Science Translational Medicine 20 May 2020: Vol. 12, Issue 544, eaav9166 DOI: 10.1126/scitranslmed.aav9166; doi: 10.1126/scitranslmed.aav9166

Nitrogen-containing bisphosphonates (N-BPs), such as alendronate, are the most widely prescribed medications for diseases involving bone, with nearly 200 million prescriptions written annually. Recently, widespread use of N-BPs has been challenged due to the risk of rare but traumatic side effects such as atypical femoral fracture (AFF) and osteonecrosis of the jaw (ONJ). N-BPs bind to and inhibit farnesyl diphosphate synthase, resulting in defects in protein prenylation. Yet, it remains poorly understood what other cellular factors might allow N-BPs to exert their pharmacological effects. Here, we performed genome-wide studies in cells and patients to identify the poorly characterized gene, ATRAID. Loss of ATRAID function results in selective resistance to N-BP–mediated loss of cell viability and the prevention of alendronate-mediated inhibition of prenylation.
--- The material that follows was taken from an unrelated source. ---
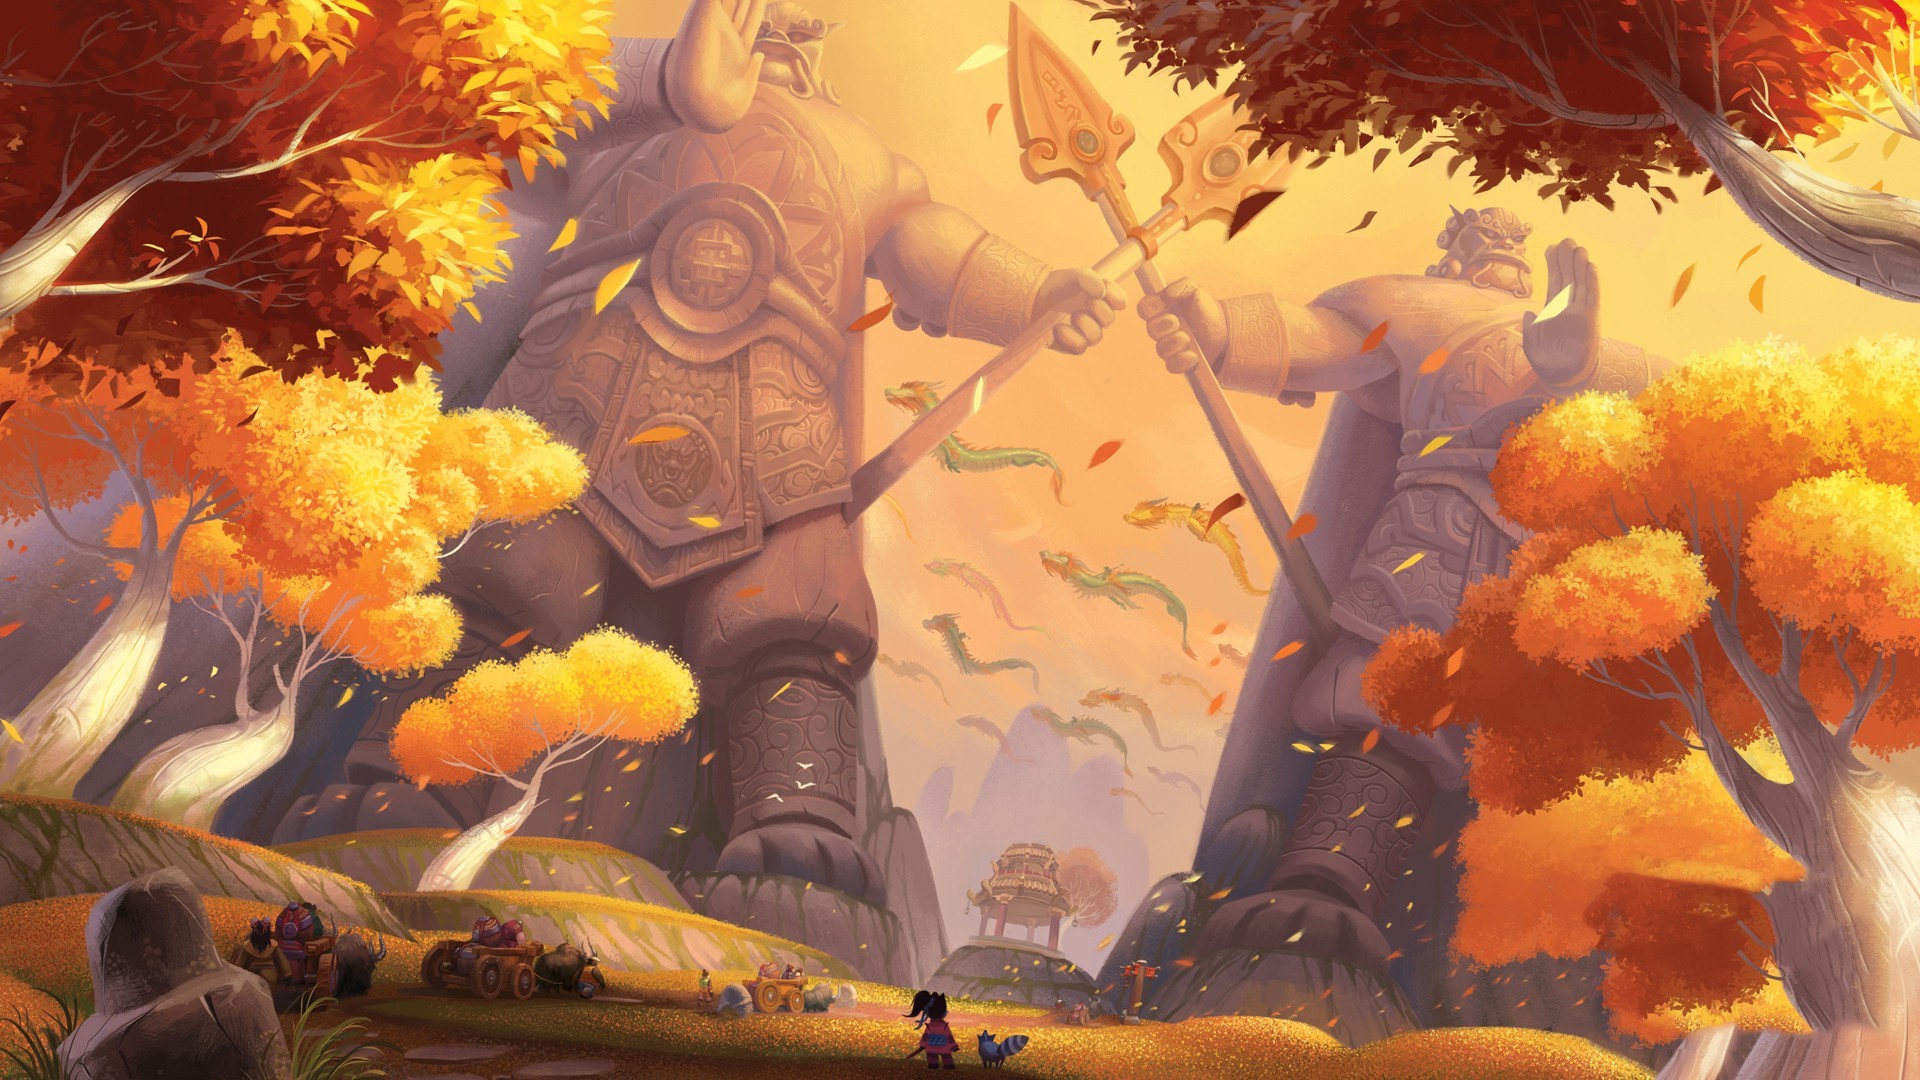 General 1920x1080 World of Warcraft World of Warcraft: Mists of Pandaria video games PC gaming video game art fantasy art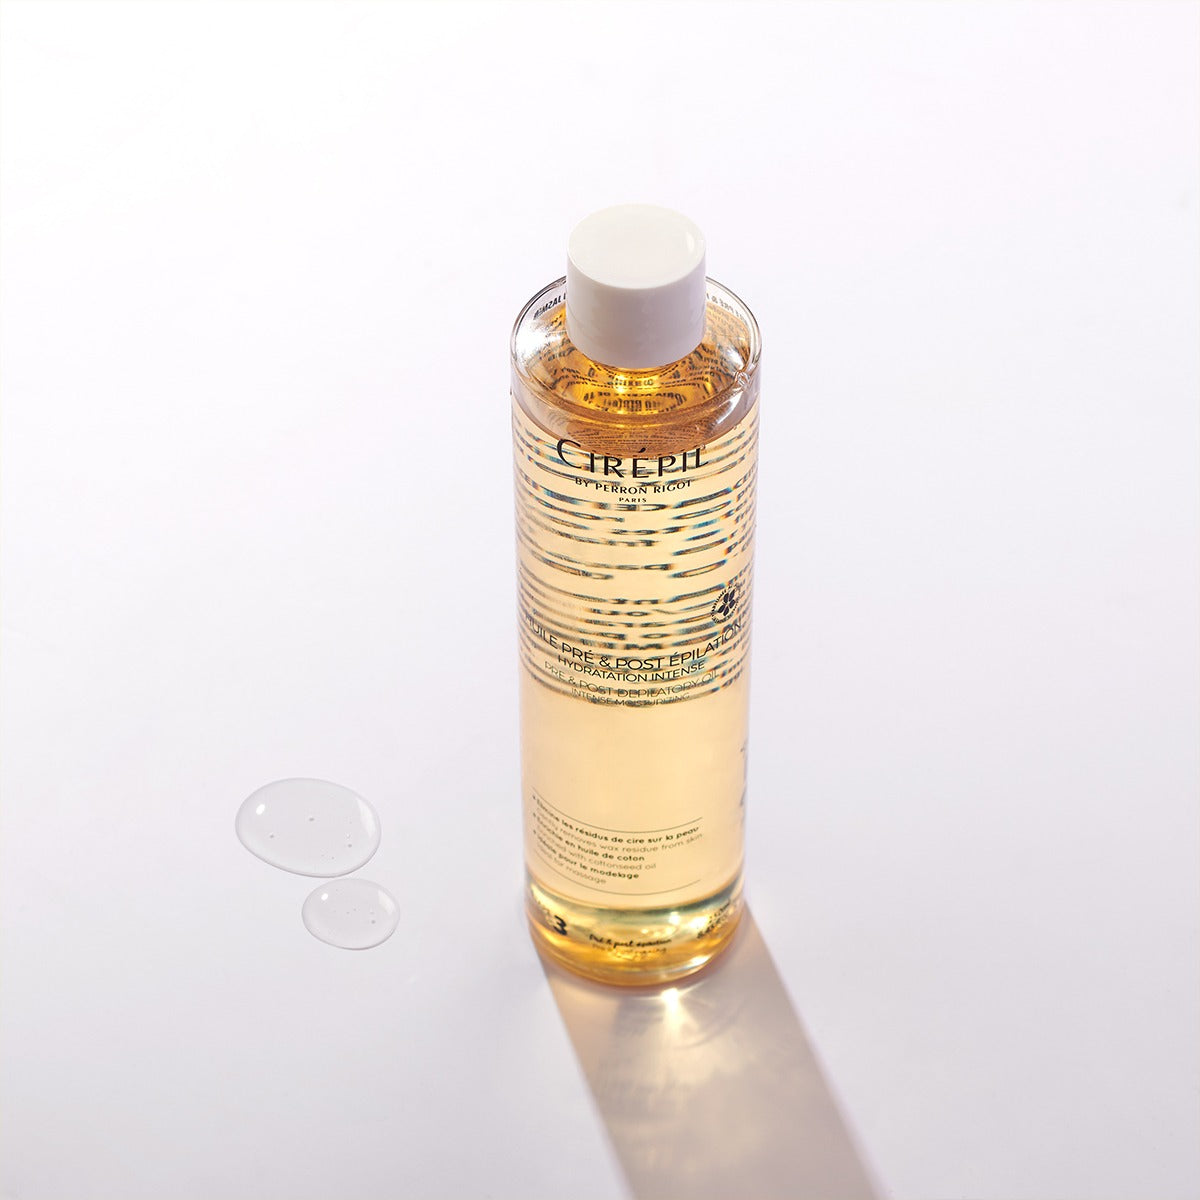 Cirepil Huile Pre Et Post Epilation (Jasmin fragrance oil ) (250 ml)

ATRAID is required for alendronate inhibition of osteoclast function, and ATRAID-deficient mice have impaired therapeutic responses to alendronate in both postmenopausal and senile (old age) osteoporosis models. Last, we performed exome sequencing on patients taking N-BPs that suffered ONJ or an AFF. ATRAID is one of three genes that contain rare nonsynonymous coding variants in patients with ONJ or an AFF that is also differentially expressed in poor outcome groups of patients treated with N-BPs. We functionally validated this patient variation in ATRAID as conferring cellular hypersensitivity to N-BPs. Our work adds key insight into the mechanistic action of N-BPs and the processes that might underlie differential responsiveness to N-BPs in people.